More recently, Mr. Dourson published a report titled “A case study of potential human health impacts from petroleum coke transfer facilities,” that was funded by Koch Industries, which has a subsidiary that handles petroleum coke and coal. The report concluded that human exposures, if any, “are well below levels that could be anticipated to produce adverse health effects in the general population.”
Adam Finkel, executive director of the Penn Program on Regulation at the University of Pennsylvania Law School, who worked as a partner on a project with Mr. Dourson, said he observed a disturbing pattern.
“Most of what he has done over time is to rush headlong to exonerate chemicals,” Mr. Finkel said, adding that he stopped working with Mr. Dourson based on these concerns.
“Pretty much every piece of work he’s ever done, it just so happens that when they are finished with it, the risk is smaller than when they started, the doubt is larger, the concern is less.”
But Oliver Kroner, now a Cincinnati city environmental official, praised Mr. Dourson, with whom he worked at TERA for nearly 10 years.
“I think Mike is widely misunderstood,” Mr. Kroner said. “Here in chemical regulation, we’re faced with a decision of whether we accept all the health science available to us, or if we exclude some science depending on the source.”
“Mike has worked hard to help strengthen the regulatory environment by improving the science coming out of industry and bringing a collaborative peer review approach to help assess the quality of industry-derived science,” Mr. Kroner said.

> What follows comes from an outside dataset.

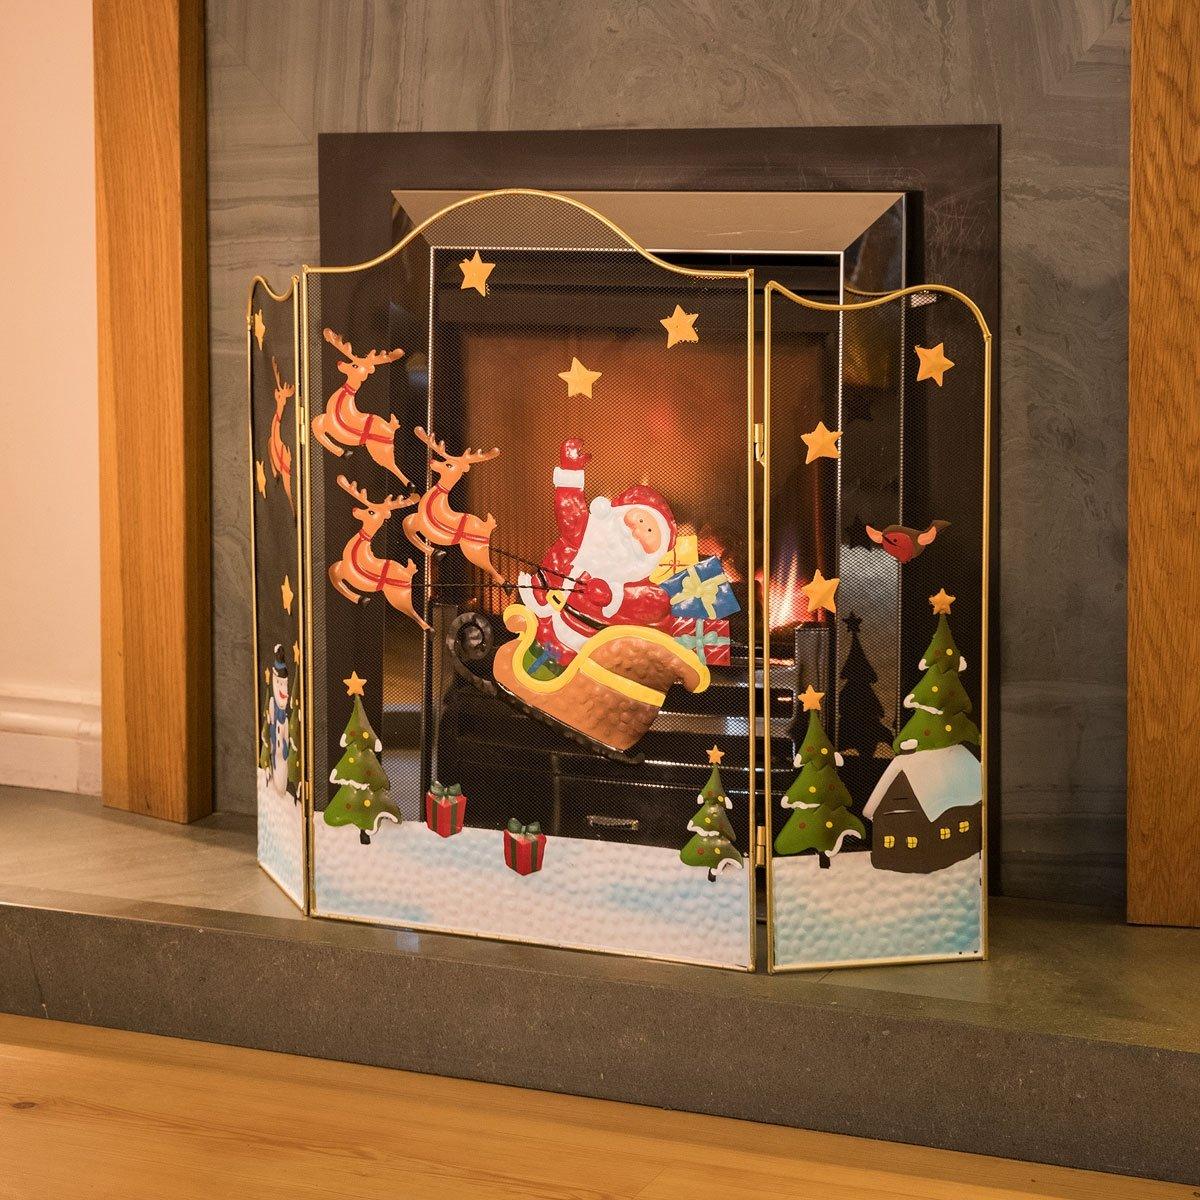 3 Panel Fireguard Fireplace Screen Santa Sleigh Christmas 61cm x 80cm Christow

Three other E.P.A. nominees will be vetted at the confirmation hearing, one of whom also has spent much of his career defending businesses against the E.P.A.: William L. Wehrum, named to head the agency’s Office of Air and Radiation.
Mr. Wehrum, who was acting assistant administrator for air and radiation from 2005 to 2007, is now a partner in Hunton & Williams, which has a large energy and environmental law practice.
In the past few years, Mr. Wehrum has represented the Rubber Manufacturers Association, the American Petroleum Institute, the American Forest & Paper Association, and electric utilities, among others, against the E.P.A., legal records show. Mr. Wehrum did not return messages seeking comment.
Liz Bowman, an E.P.A. spokeswoman, pointed to Mr. Wehrum’s decades of working for the government and private sector as evidence of his qualifications for the new job.
“Mr. Wehrum’s career includes over 31 years working in the environmental field through engineering, legal practice, and administrative duties,” said Ms. Bowman, who used to work for the American Chemistry Council, in a statement. “This addresses that criticism directly.”